* **RECORDS FOR THIS TASK**
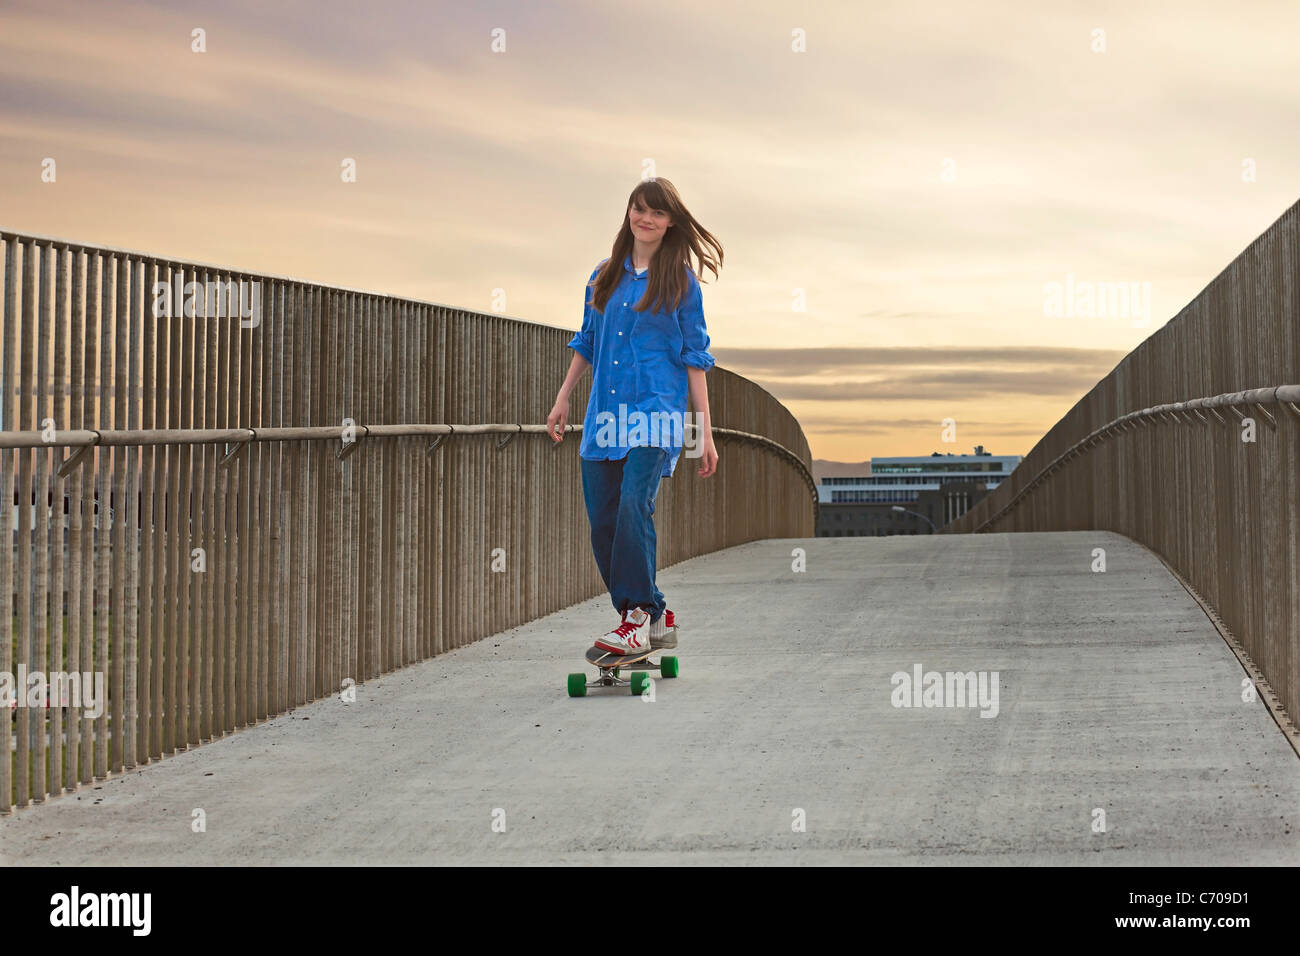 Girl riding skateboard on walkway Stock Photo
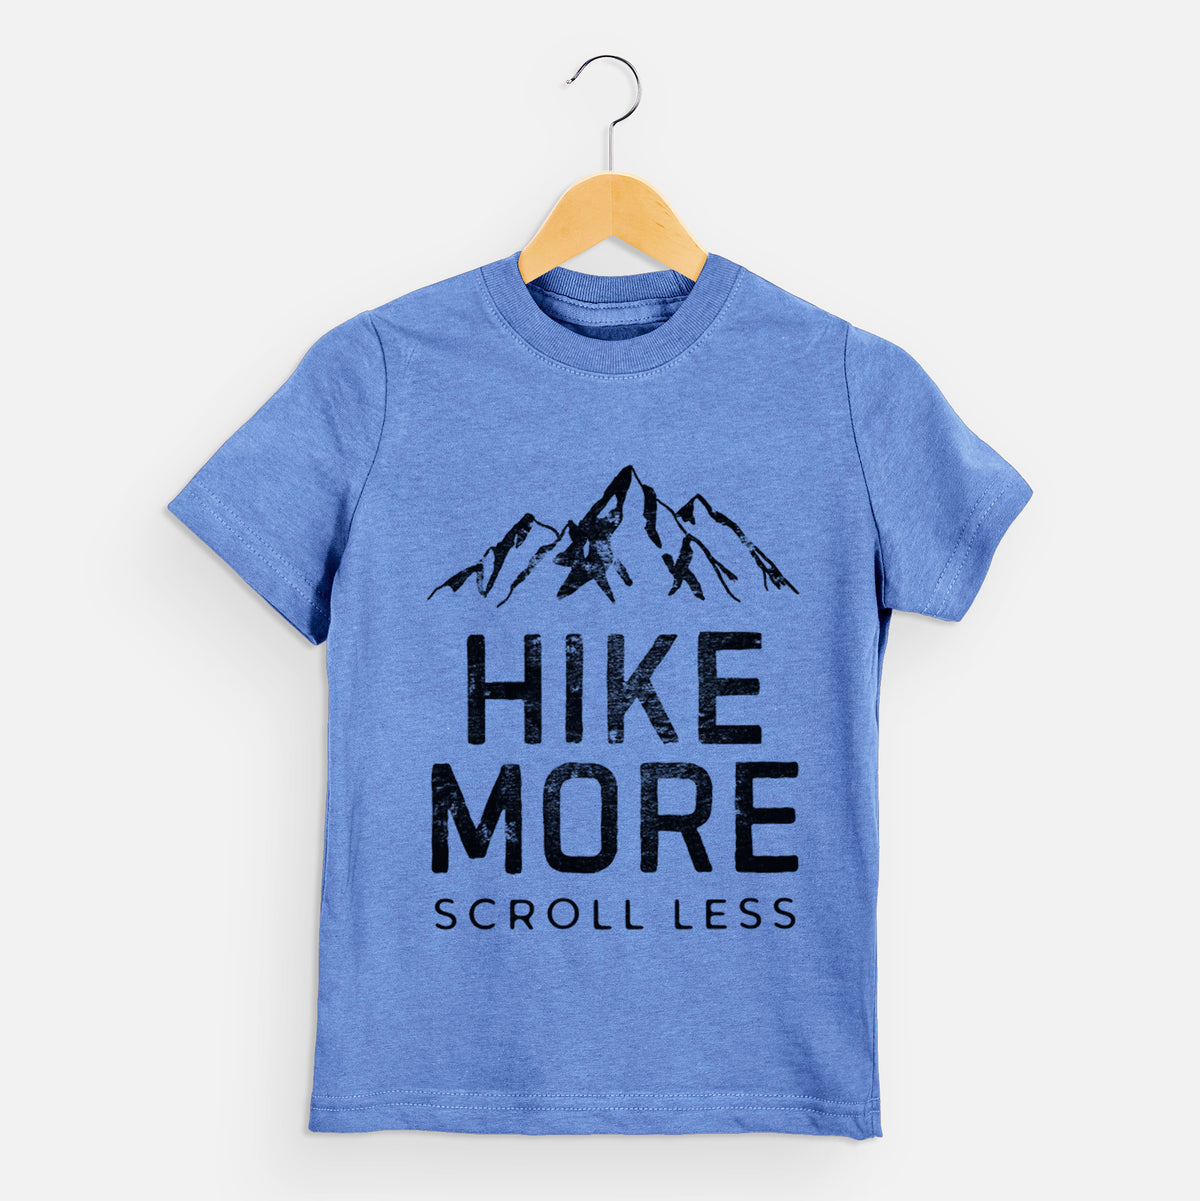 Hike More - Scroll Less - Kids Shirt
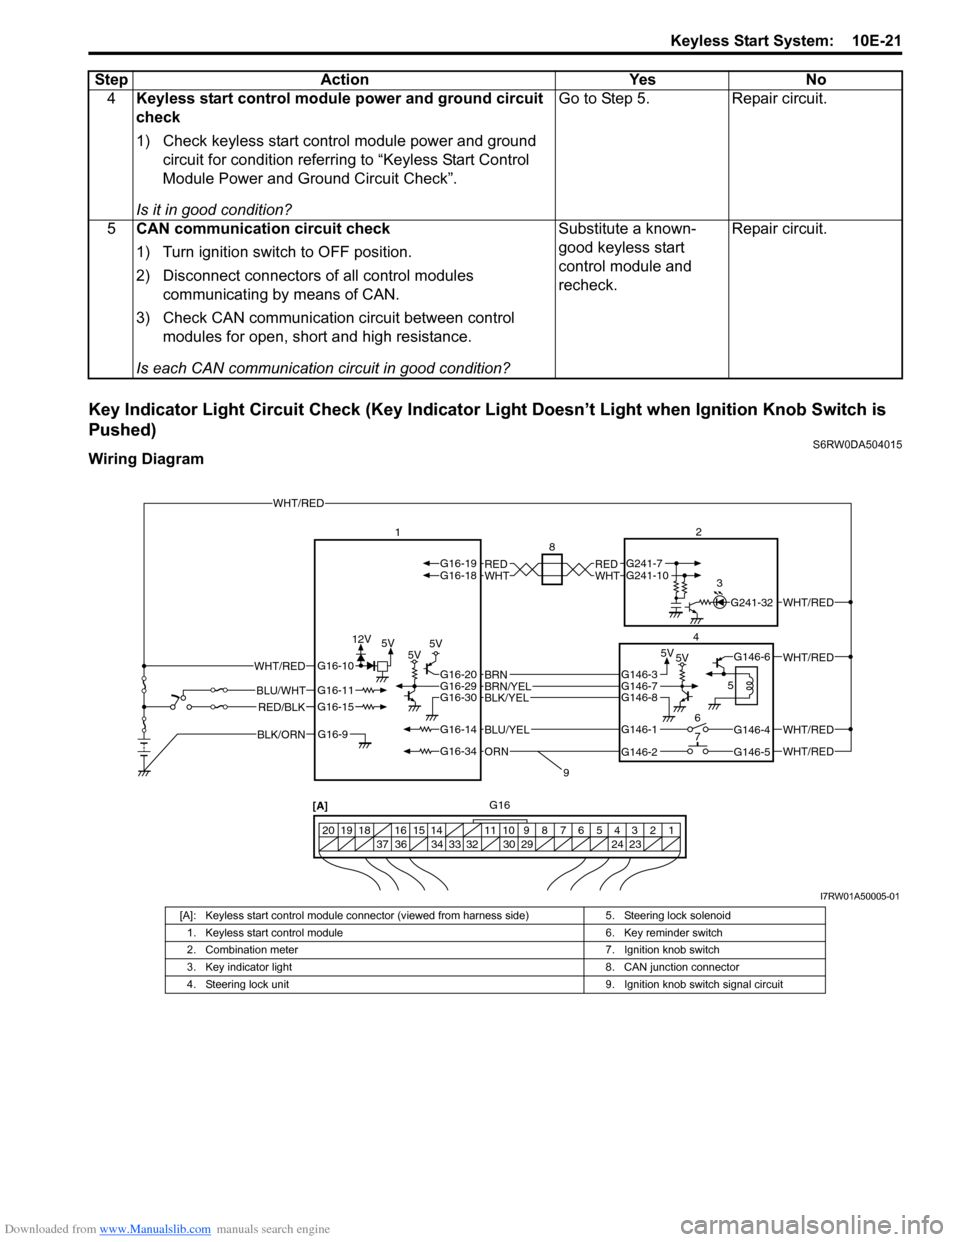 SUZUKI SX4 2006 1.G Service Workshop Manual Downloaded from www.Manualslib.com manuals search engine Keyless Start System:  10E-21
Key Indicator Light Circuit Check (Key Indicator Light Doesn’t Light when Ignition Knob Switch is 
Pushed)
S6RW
--
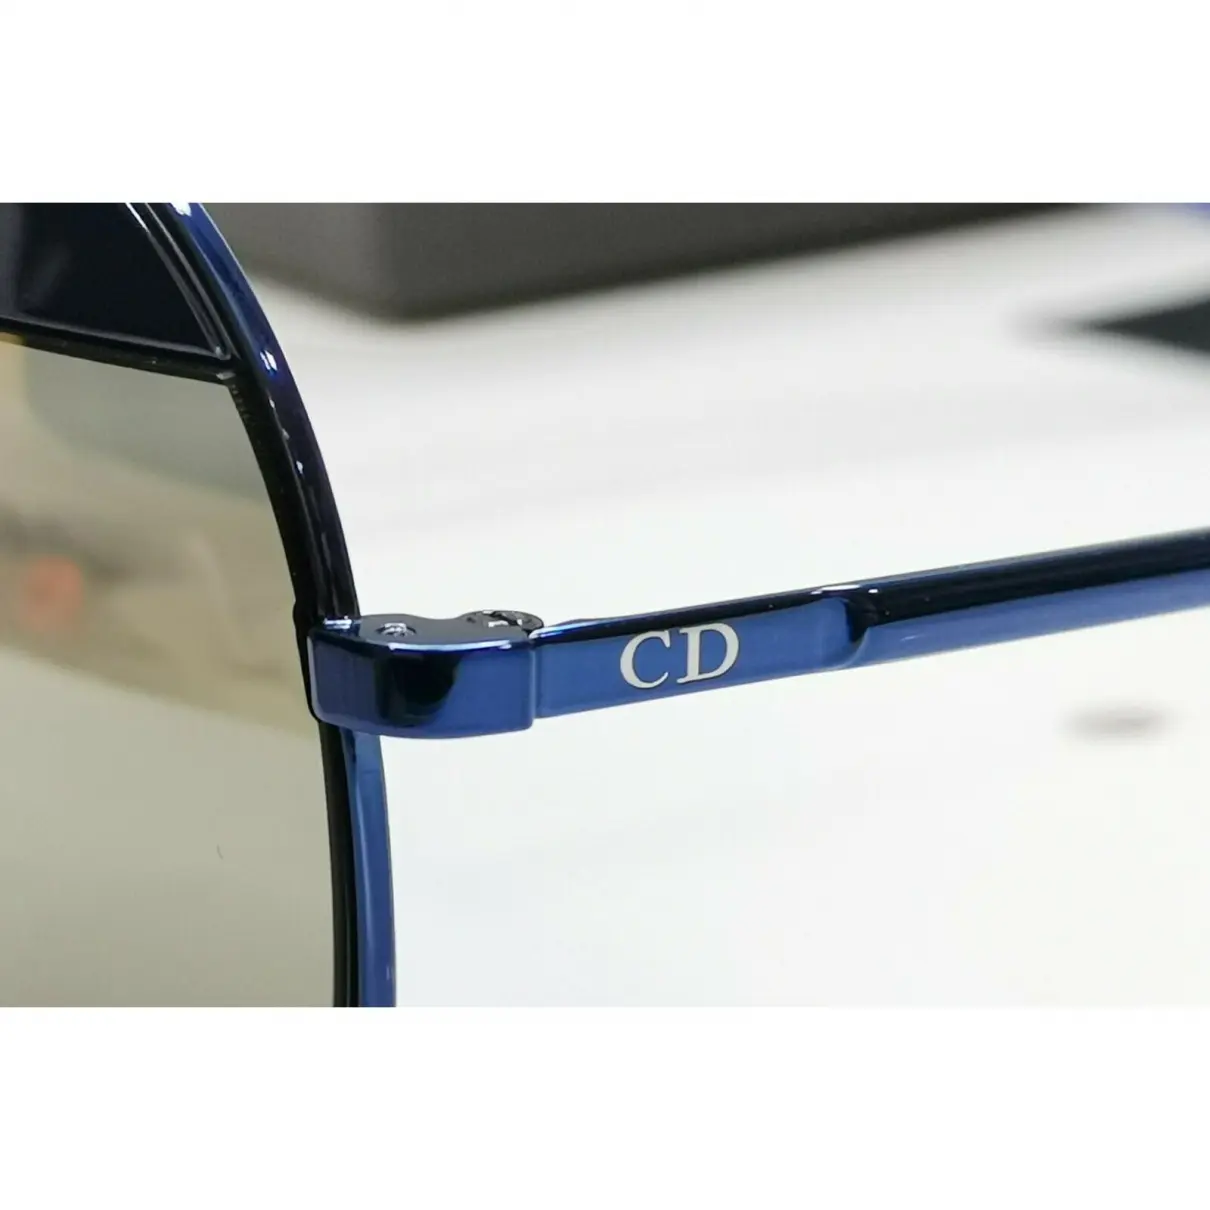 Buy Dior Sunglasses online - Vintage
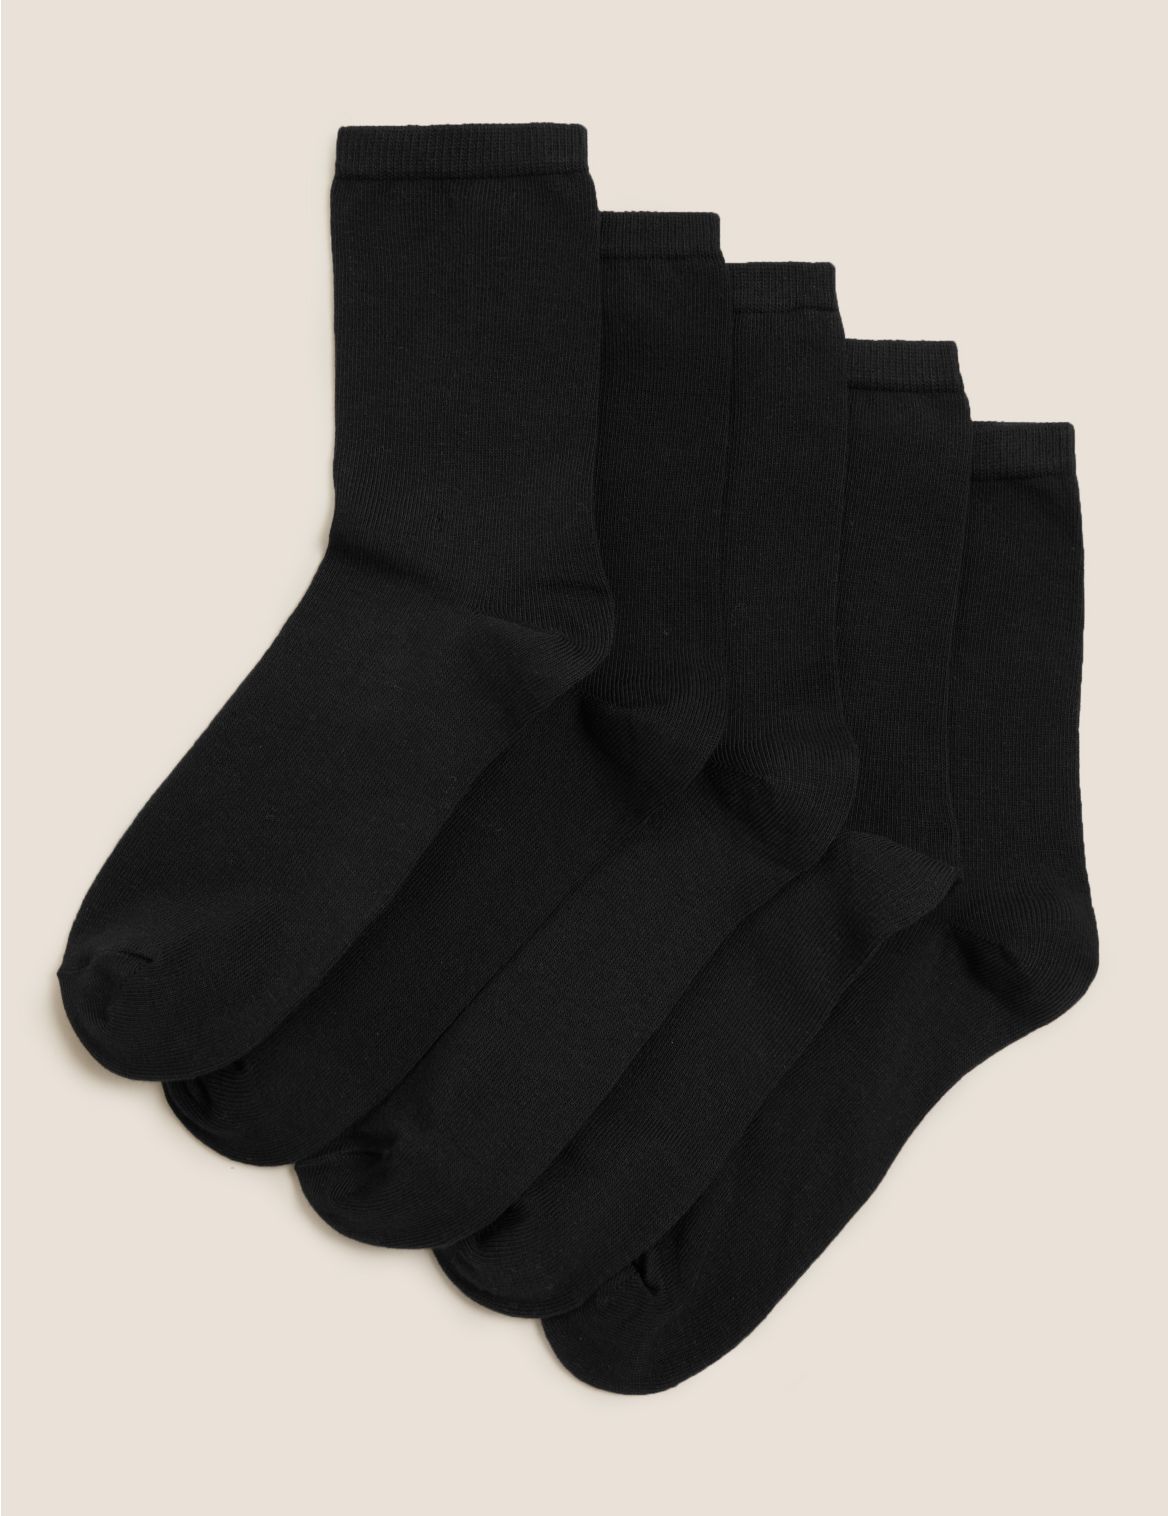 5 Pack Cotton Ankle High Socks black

* **EXERCISE OBJECTIVE**
Retype only the lines above from the one with "Buy Dior Sunglasses online - Vintage" through the one with "5 Pack Cotton Ankle High Socks black", exactly and with both ends. Images stay out.

* **REPLY**
 Buy Dior Sunglasses online - Vintage
 5 Pack Cotton Ankle High Socks black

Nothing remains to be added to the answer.